Magnets form the basis of computer technology, so the speed at which magnets can act and react has become extremely important. The Nanomagnetics and Spin Dynamics (NSD) group in the School of Physics recently hosted Dr Tom Silva, from the National Institute of Standards and Technology (NIST) in Colorado, to work with them on a development of a high speed magnetometer which measures magnetisation at very short time scales.

At NIST, Dr Silva had created of a new type of magnetic experiment called the Pulsed Inductive Microwave Magnetometer (PIMM). The technique provides the most accurate measure of magnetic dynamics possible to date and has already uncovered new microscopic phenomena related to physical processes controlling microwave absorption by ferromagnets.

Data obtained with this equipment is of particular interest to the computer industry because it can measure accurately and simply the speed of magnetisation reversal, which directly relates to how quickly information can be recorded in computer hard disks. About 85 to 90 % of all digital information in the world today is stored magnetically and the industry associated with this is worth $150 to $200 billion annually in gross sales.

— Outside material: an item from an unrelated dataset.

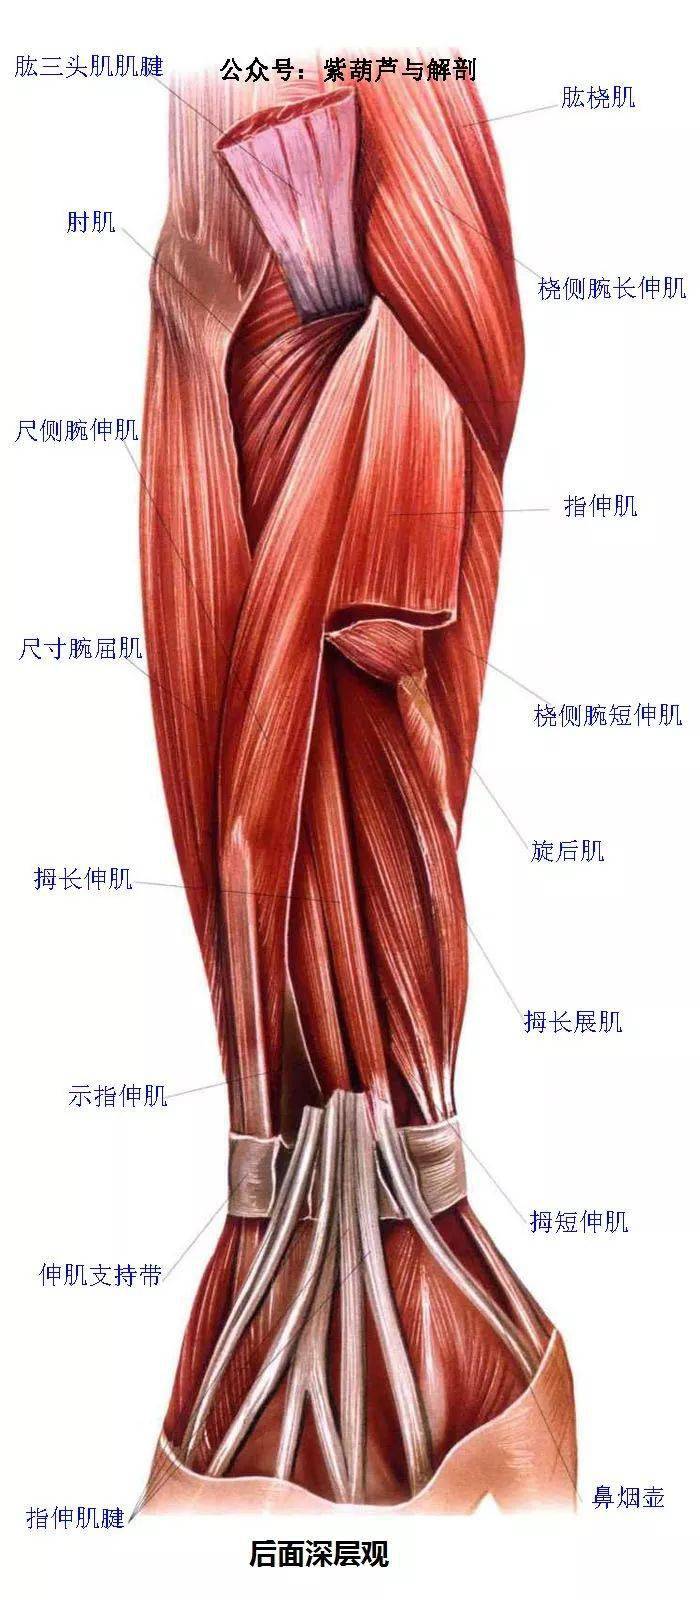 高清前臂与手部解剖肌肉图谱

Dr Silva's three-month visit is part of a collaboration that began with Associate Professor Bob Stamps and the NSD group and is supported by funding from the Gledden Foundation. The group including ARC Postdoctoral fellows Dr Rob Woodward and Dr David Crew, and honours student Kim Kennewell, have been working with Dr Silva, to build the world's second PIMM at UWA.

Dr Silva explained that much of the work at the National Institute of Standards and Technology is in support of metrology, which is all about creating and maintaining standards for measurement. This work is only successful if the metrology developed at NIST is adopted by other researchers. "Rob Woodward has had some very clever ideas for developing the equipment and we have built a unique instrument here, rather than just a copy of the original," he said. "And Bob Stamps, who has a brilliant theoretical mind, has been helping me to understand some of the theoretical aspects of the measurements," Dr Silva said.

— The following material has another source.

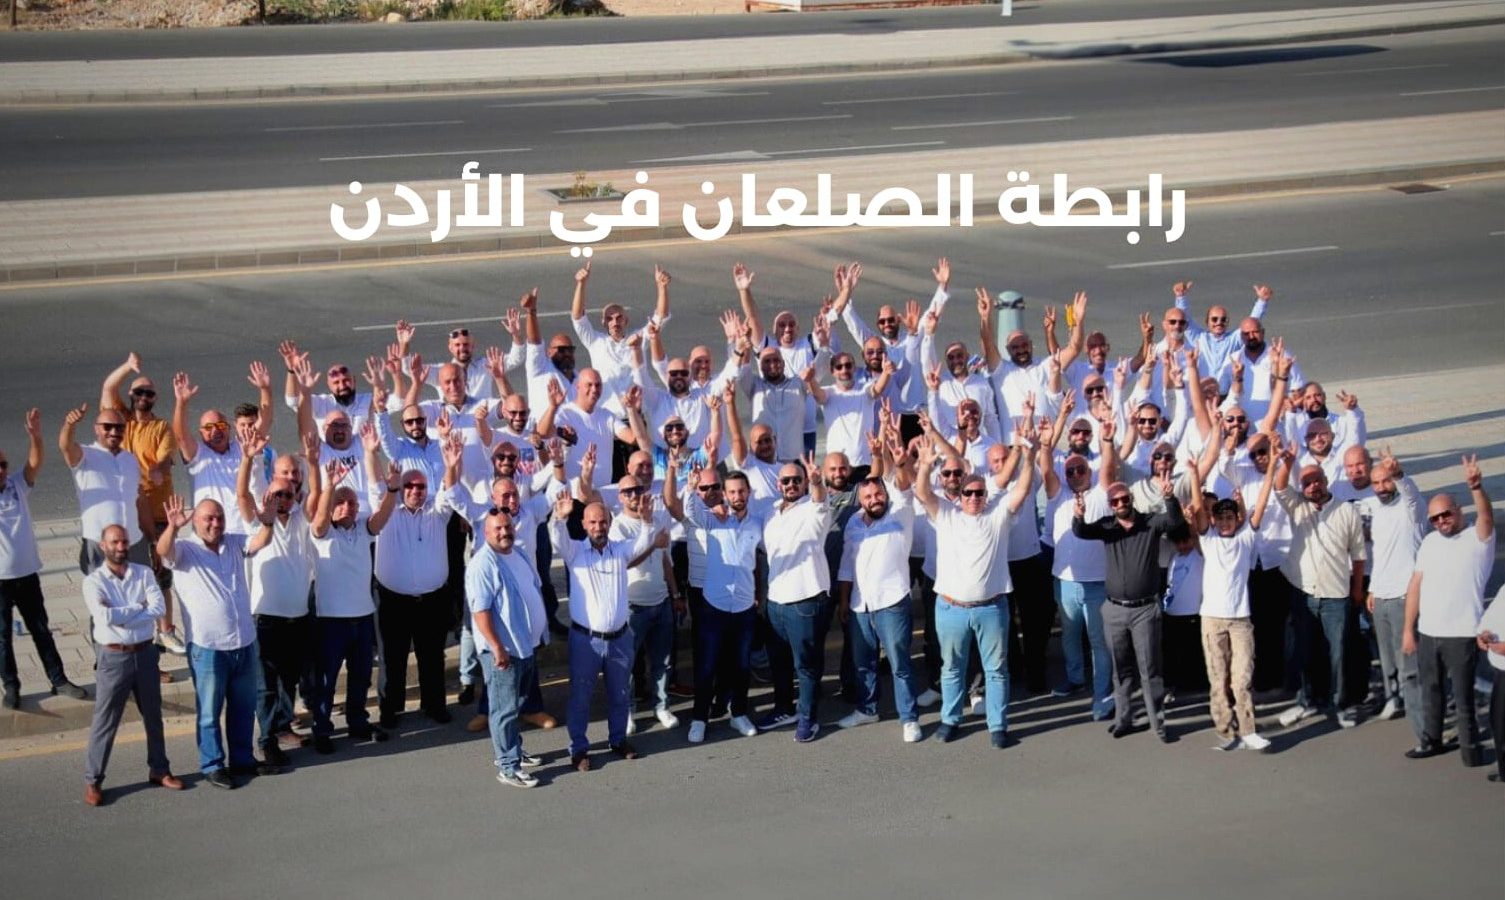 إنشاء “رابطة الصلع” في الأردن وهذه مطالبهم (صور)

"The original reason we were interested in Tom's equipment, even though there are other methods of measuring things that happen very fast - and we're talking less than one-billionth of a second - was its simplicity," Dr Woodward said. Another advantage of the PIMM is that it can record measurements in seconds, that would previously have taken months to complete.

"This piece of equipment builds upon a fundamental property of magnets that Einstein proved in his one and only effort in experimental physics: magnetism has momentum," Dr Silva said. He explained that that momentum created a precessional force against which a magnet must fight as it reverses its magnetism. "This equipment allows us to see the precession - which is the ringing or resonance of the magnet," he said.

"The equipment will also be used to investigate several other phenomena in magnetic systems, including how small you can make pieces of information that are stored on your hard drive before they become unstable," said Dr Woodward. Kim Kennewell's honours project involves looking at high speed effects on very small magnetic particles. Dr Crew is working on understanding resonance effects in coupled magnetic materials, and received a UWA Research Grant to buy one of the world's fastest, low-noise pulse generators -- a vital component of the PIMM.